For a random variable *X* and a particular value *x*, one often needs to compute the probabilities Pr(*X* ≤ *x*) and Pr(*X* > *x*). It’s surprising how many different approaches software packages take to naming these two functions. I’ll give a few examples here.

It may seem unnecessary to provide software for computing both probabilities since they must sum to 1. However, sometimes you have to compute Pr(*X* > *x*) directly because computing Pr(*X* ≤ *x*) first and subtracting the result from 1 will not be accurate. See the discussion of erf(x) and erfc(x) here as an example.

I’m accustomed to calling Pr(*X* ≤ *x*) the CDF (cumulative distribution function) and Pr(*X* > *x*) the CCDF (complementary cumulative distribution function). In numerical libraries I’ve written, I use the function names `CDF`

and `CCDF`

. This seems natural to me, but hardly any software does this.
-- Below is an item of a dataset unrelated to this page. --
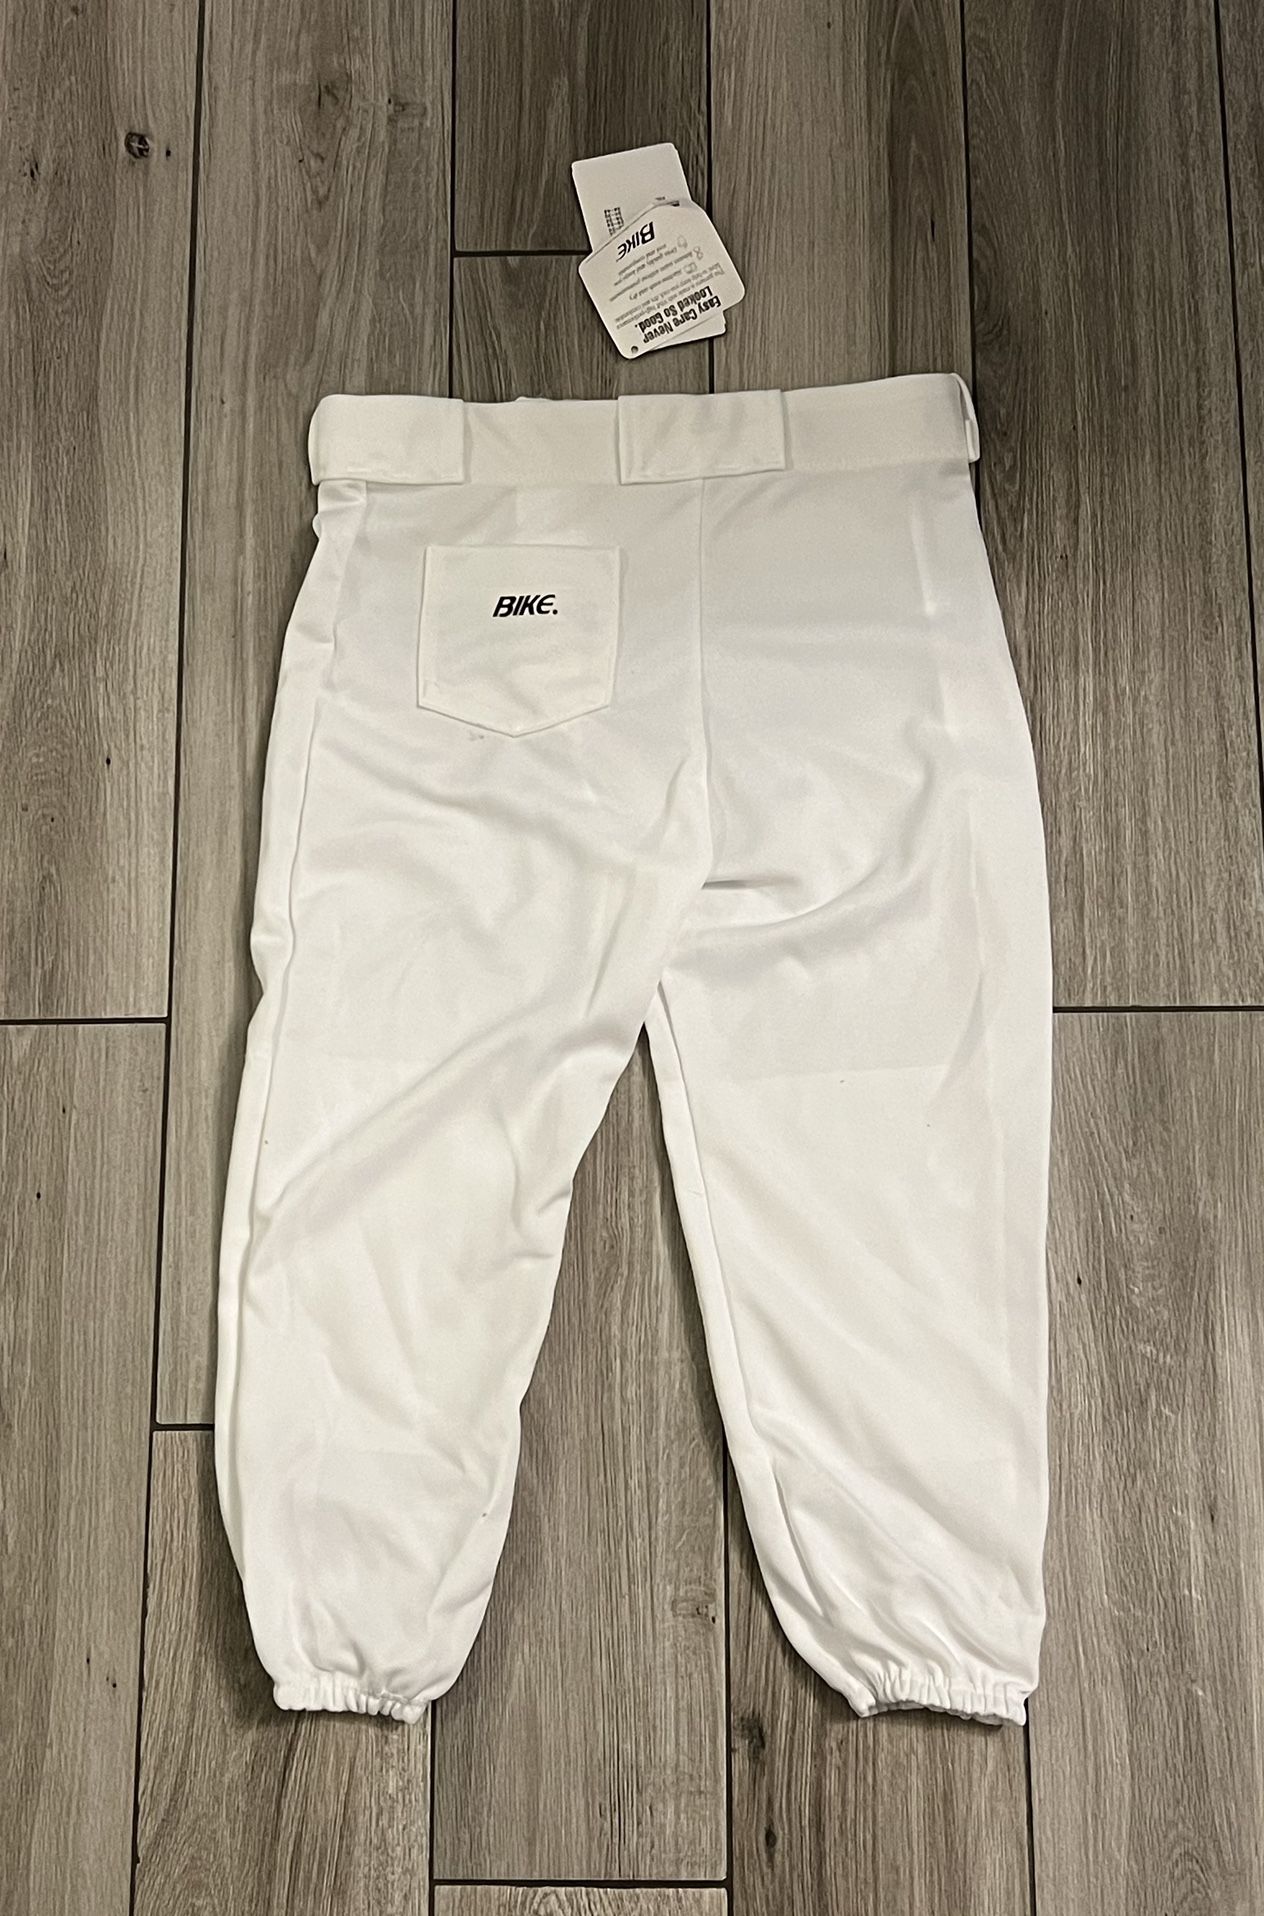 Bike Athletic Style 3708 White Youth Baseball Pants w/Belt Loops Size Large NEW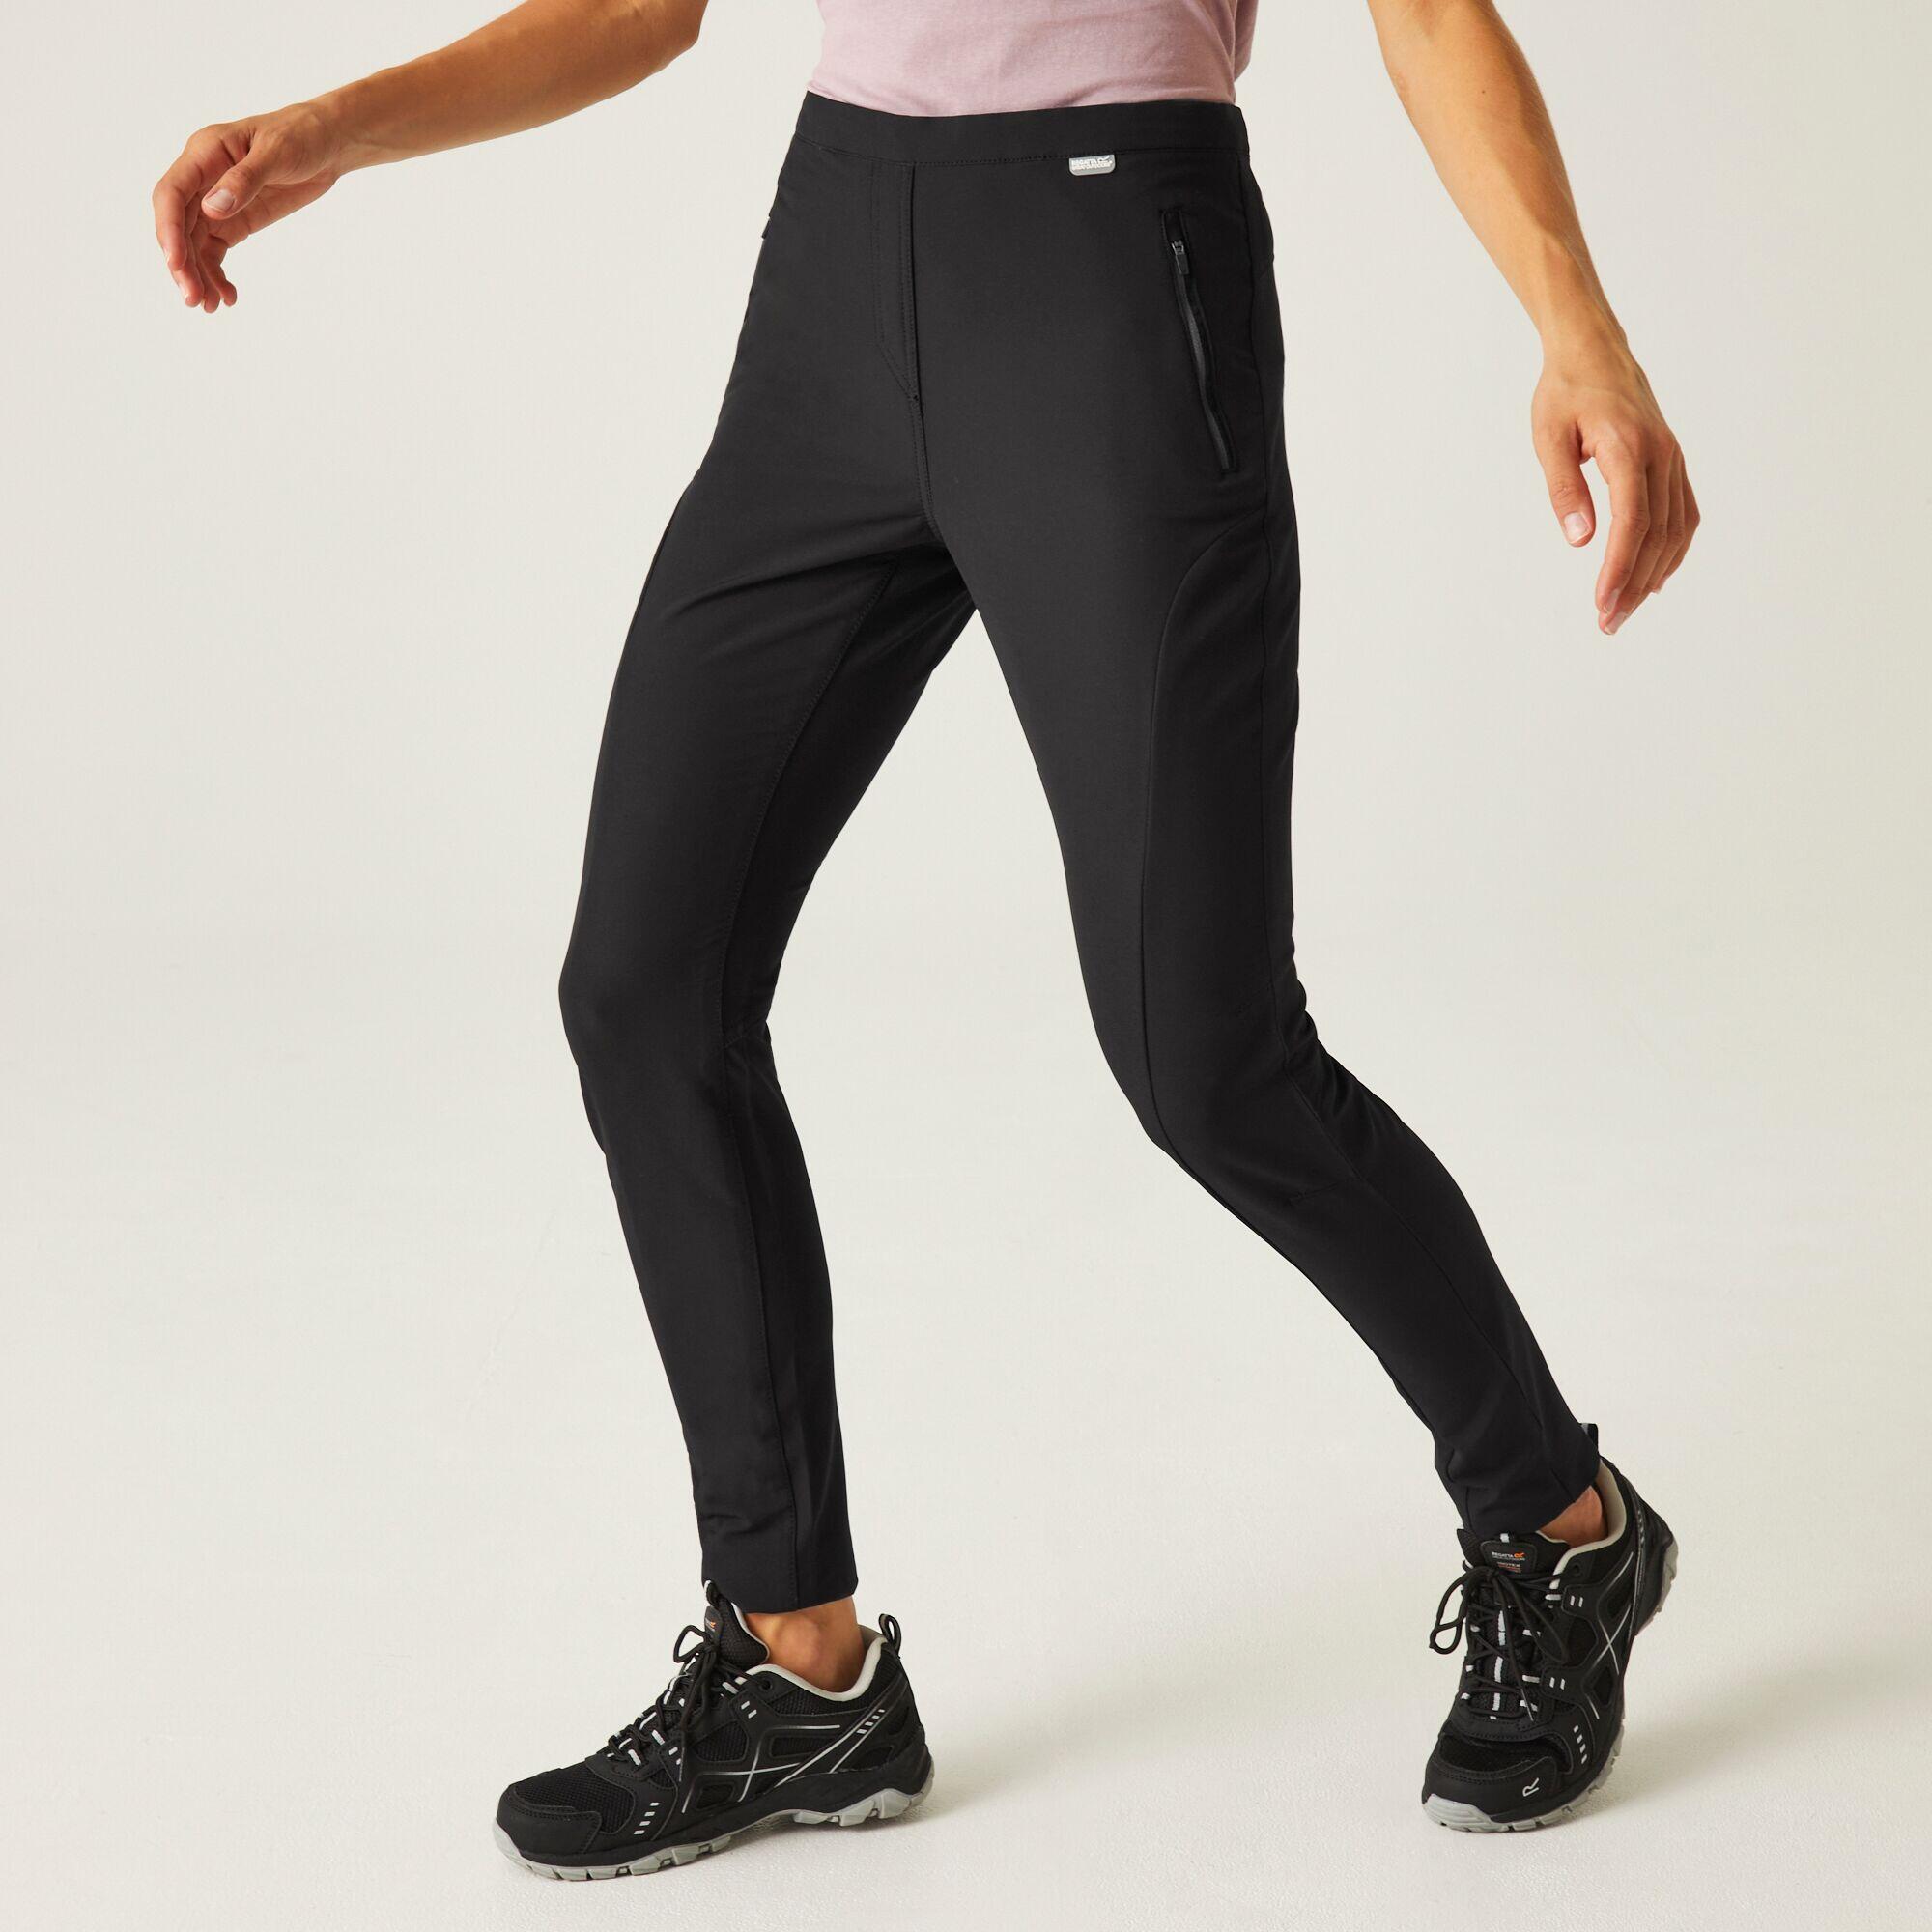 Pentre Stretch Women's Hiking Trousers - Black 1/6

In Python (SciPy), distribution classes have a method `cdf`

to compute the CDF, and a method `sf`

for the CCDF. (The rationale is that “sf” stands for “survival function.”) Mathematica takes a similar approach with `CDF`

and `SurvivalFunction`

.

R takes a different approach. Instead of distribution objects with standard methods, each function has a name formed by concatenating a prefix for the function type and an abbreviation for the distribution family. For example, `pnorm`

is the CDF of a normal distribution, `dnorm`

is the PDF of a normal distribution, etc. (I find R’s prefixes hard to remember.) Also, R uses the same function for both the CDF and CCDF. By default, `pfoo`

computes the CDF of a distribution abbreviated `foo`

, but if the function has the optional argument `lower.tail = FALSE`

it computes the CCDF.

The Emacs `calc`

module takes an interesting approach, similar to R but more memorable in my opinion. CDF function names begin with `ltp`

(“lower tail probability”) and CCDF function names begin with `utp`

(“upper tail probability”). The final letter of the function name specifies the distribution family: `b`

for binomial, `c`

for chi-square, `n`

for normal, etc. So, for example, the CDF and CCDF of a normal distribution are computed by `ltpn`

and `utpn`

respectively.

I generally prefer APIs with long, self-evident names, but I like the Emacs calculator scheme. Brevity is more important in a calculator than in production code, and the prefixes `ltp`

and `utp`

are easy to remember if you know what they stand for. They’re more symmetric than, for example, Python’s `cdf`

and `sf`

.

**Related links**:

Distributions in SciPy, Mathematica, R, and Excel.

Emacs calculator

Matlab uses a scheme similar to R, where probability functions go

`{family}{function type}`

. So, one has`normcdf`

for the CDF of the normal function, and`tcdf`

for that of the Studenttdistribution, and so on. Surprisingly, a quick look through the documentation of the probability toolbox could not unearth any obvious equivalent for the CCDF, which seems like an unfortunate omission. It does have, however, inverse-CDF functions, such as`norminv`

and`tinv`

: useful for statistical estimation and hypothesis testing, but confusing when looking for CCDFs.In SAS the names are CDF and SDF. Therea re also separate LOGCDF and LOGSDF functions, which are sometimes more efficient or accurate than computing the distribution and than taking the logarithm. The other esential functions for dealing with distributions are PDF, QUANTILE, and RAND. For details and a discussion that compares these naming scheme with other languages, see “Four essential functions for statistical programmers”

Dr. Cook,

How would you name probability function if you were writing such a library from scratch? I ask b/c I’m doing something similar for Perl, built upon GSL’s randist functions. GSL names their sampler, pdf, cdf, ccdf and quantile functions gsl_ran_gaussian, gsl_ran_gaussian_pdf and gsl_ran_gaussian_cdf_P, gsl_ran_gaussian_cdf_Q, gsl_ran_gaussian_cdf_Pinv, and gsl_ran_gaussian_cdf_Qinv, which is quite verbose though consistent.

Right now, I’m thinking of including a straight GSL-binding, but also provide alternative interfaces mimicking other langauges (like R and octave/matlab, by wrapping gsl_ran_gaussian into rnorm for R and normrnd for octave).

-Tom

Tom: I’ve written a class library in C++ and one in C#. Both use distribution objects with member functions for CDF etc. For example, the

`NormalDistribution`

class has methods`PDF`

,`LogPDF`

,`CDF`

,`CDFInverse`

,`CCDF`

,`CCDFInverse`

,`Mean`

,`Variance`

,`RandomValue`

, etc.One advantage to this approach is that you can write generic code that takes a distribution class. For example, a unit test might integrate the PDF function and compare the result to the CDF function. If all the distribution classes have a common base class or implement a common abstract interface, you could write this test once and pass it objects representing several different distribution families.